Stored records
Segment Open

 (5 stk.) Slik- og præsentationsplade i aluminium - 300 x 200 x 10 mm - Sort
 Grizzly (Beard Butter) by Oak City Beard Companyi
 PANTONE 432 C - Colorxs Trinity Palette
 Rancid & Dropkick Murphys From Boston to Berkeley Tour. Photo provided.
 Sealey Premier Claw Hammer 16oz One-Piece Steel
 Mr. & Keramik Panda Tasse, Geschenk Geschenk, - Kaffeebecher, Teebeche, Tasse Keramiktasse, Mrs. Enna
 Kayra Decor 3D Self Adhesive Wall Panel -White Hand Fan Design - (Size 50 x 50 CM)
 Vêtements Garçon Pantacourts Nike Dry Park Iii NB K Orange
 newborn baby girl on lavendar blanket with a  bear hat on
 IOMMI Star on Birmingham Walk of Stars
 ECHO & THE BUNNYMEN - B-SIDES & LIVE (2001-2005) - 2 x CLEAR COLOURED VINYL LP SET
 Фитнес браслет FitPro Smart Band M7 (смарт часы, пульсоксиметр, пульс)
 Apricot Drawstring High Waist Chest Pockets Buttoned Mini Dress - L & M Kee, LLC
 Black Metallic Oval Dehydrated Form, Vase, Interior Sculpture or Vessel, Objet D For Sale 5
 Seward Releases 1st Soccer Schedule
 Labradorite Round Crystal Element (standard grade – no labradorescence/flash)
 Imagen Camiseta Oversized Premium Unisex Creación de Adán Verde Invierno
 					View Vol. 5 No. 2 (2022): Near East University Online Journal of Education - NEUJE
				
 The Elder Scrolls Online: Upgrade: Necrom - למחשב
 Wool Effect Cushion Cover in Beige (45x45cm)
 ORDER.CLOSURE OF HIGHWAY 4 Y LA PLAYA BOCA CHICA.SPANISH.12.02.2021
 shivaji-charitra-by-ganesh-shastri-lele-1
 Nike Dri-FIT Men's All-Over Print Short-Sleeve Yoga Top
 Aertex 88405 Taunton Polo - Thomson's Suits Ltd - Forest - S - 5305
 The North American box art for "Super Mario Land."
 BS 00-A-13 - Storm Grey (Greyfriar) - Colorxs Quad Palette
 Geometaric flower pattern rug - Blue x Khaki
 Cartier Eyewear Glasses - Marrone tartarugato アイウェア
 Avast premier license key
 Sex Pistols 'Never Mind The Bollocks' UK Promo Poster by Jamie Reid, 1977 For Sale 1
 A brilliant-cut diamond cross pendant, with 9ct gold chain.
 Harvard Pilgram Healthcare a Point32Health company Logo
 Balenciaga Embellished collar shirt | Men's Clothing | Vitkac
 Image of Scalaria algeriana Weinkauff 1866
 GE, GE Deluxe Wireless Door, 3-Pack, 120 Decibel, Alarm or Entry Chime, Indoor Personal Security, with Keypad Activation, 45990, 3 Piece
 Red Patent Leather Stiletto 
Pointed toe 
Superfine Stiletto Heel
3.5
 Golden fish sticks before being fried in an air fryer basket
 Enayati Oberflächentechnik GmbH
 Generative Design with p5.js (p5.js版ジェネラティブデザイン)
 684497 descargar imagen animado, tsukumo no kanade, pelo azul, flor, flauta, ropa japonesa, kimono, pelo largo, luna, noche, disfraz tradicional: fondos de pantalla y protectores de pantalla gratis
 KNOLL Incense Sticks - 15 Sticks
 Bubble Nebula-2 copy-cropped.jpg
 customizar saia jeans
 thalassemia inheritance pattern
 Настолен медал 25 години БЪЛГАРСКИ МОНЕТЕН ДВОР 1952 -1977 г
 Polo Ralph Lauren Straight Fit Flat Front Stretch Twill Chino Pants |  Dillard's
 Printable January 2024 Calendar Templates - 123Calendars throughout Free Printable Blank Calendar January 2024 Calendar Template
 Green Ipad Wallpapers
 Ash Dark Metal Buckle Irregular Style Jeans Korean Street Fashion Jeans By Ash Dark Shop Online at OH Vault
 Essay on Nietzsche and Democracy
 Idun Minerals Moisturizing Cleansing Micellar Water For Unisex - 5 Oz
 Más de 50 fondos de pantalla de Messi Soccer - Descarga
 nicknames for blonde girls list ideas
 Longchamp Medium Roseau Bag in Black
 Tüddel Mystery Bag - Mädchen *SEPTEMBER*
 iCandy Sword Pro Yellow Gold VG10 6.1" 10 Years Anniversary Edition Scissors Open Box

Segment Closed

§ Instructions to follow: Where does the word "Stiletto" appear in the records above? Return every line that holds it.

§ Response:
 Red Patent Leather Stiletto 
Superfine Stiletto Heel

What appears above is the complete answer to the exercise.